Pockot珀刻机

Pockot

Small Models Make the Floor Measurable

Research Note: Small Models Make the Floor Measurable

Question

The off-grid question is not "can a pocket device run the largest model?" It is "which tasks become useful at 1B, 3B, 7B, or 13B parameters under a strict power budget?" Pockot needs a model-size ladder before it can talk about autonomy.

Source-Backed Data Points

  • Meta's Llama 3.2 release includes lightweight text-only 1B and 3B models intended for select edge and mobile devices. Source: Meta Llama 3.2.
  • The same Meta release states that the Llama 3.2 1B and 3B models support a 128K-token context length. Source: Meta Llama 3.2.
  • LoRA reports a reduction in trainable parameters by 10,000 times and GPU memory requirement by 3 times compared with GPT-3 175B fine-tuning with Adam. Source: arXiv 2106.09685.

Reading

Small models change the device question because they allow task-specific usefulness. A 1B or 3B model may be enough for local summaries, simple extraction, command parsing, or document search when paired with retrieval. It may fail at reasoning depth or broad knowledge. Both statements can be true.

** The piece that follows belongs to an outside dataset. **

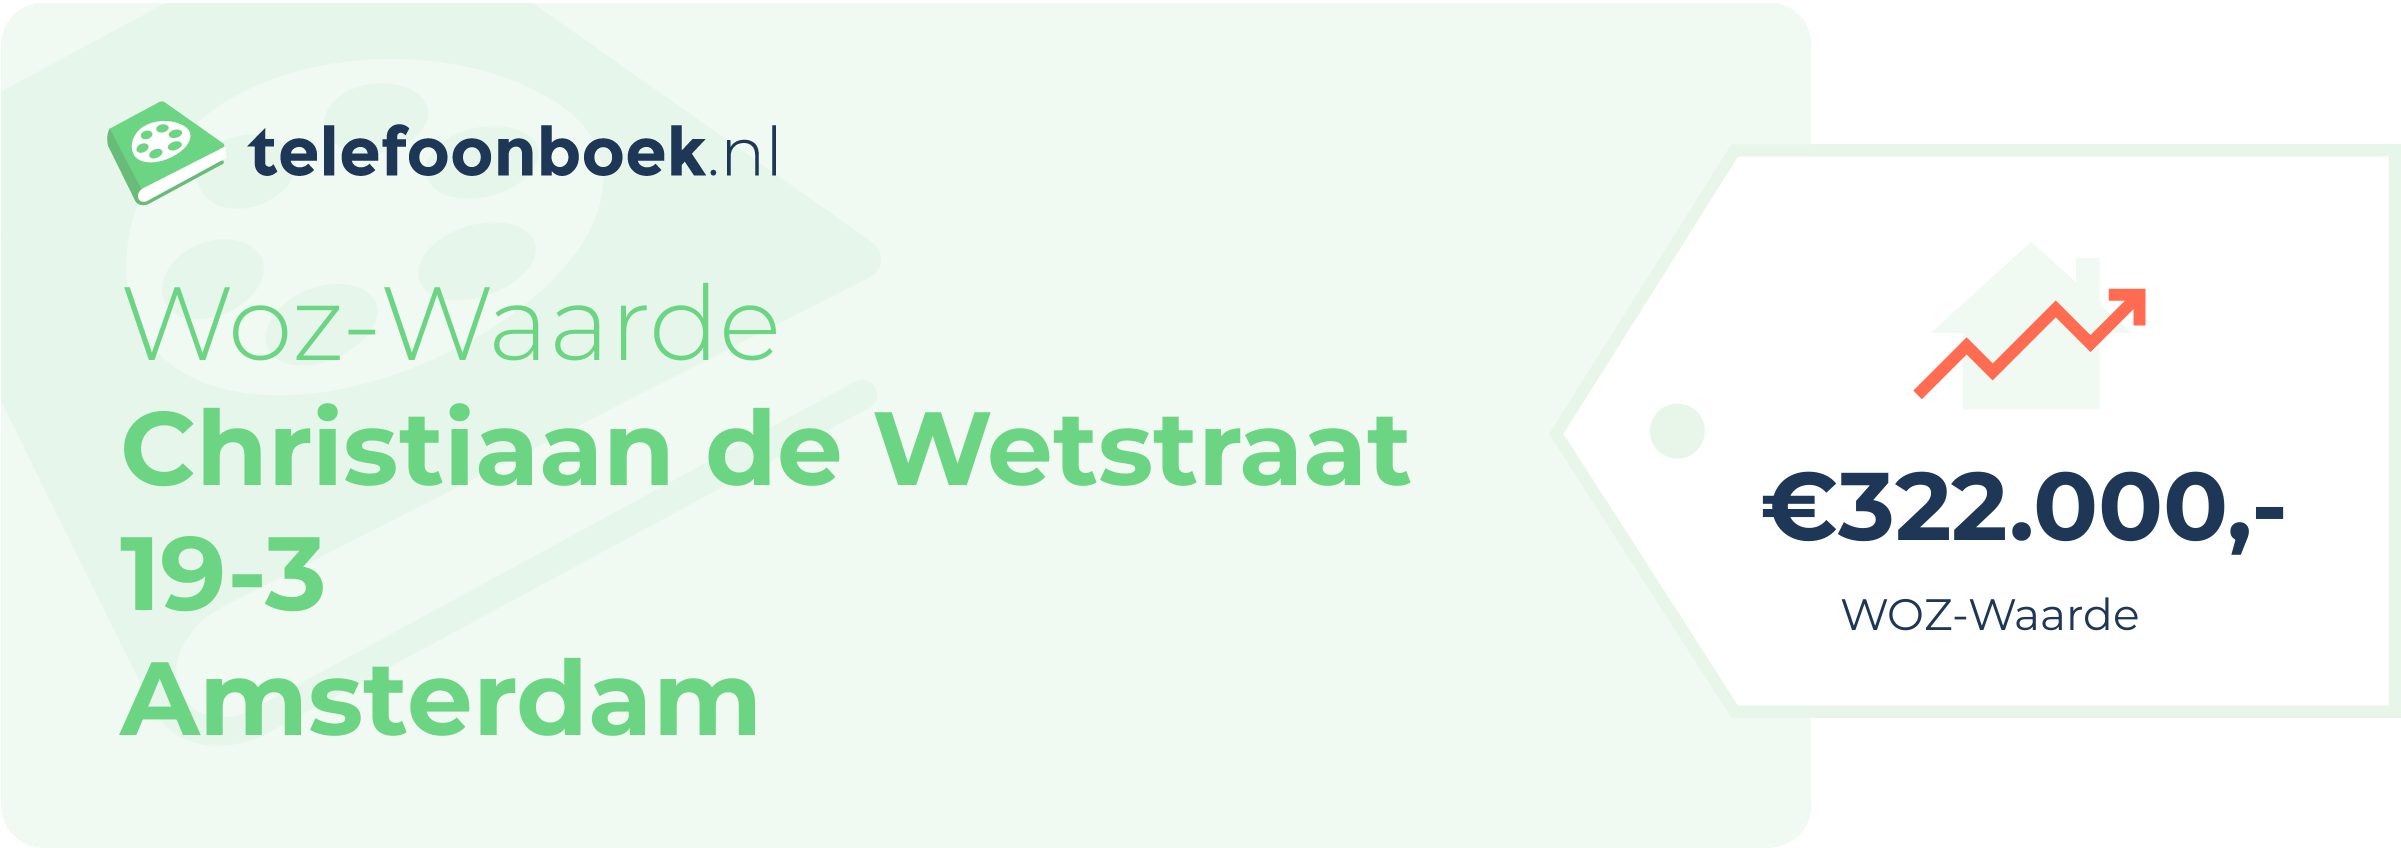 WOZ-waarde Christiaan De Wetstraat 19-3 Amsterdam

Compression and adaptation are also separate. Quantization makes a model fit and run in less memory. LoRA-style adapters reduce what has to be trained for a task. Neither automatically creates a self-improving device. They create knobs that an offline system might use under clear limits.

Tool Rule

Pockot will model parameter count and bits per parameter explicitly. A 3B 4-bit model should appear as a memory estimate, not as a quality claim. The next tool version should add measured tokens per second by device and runtime.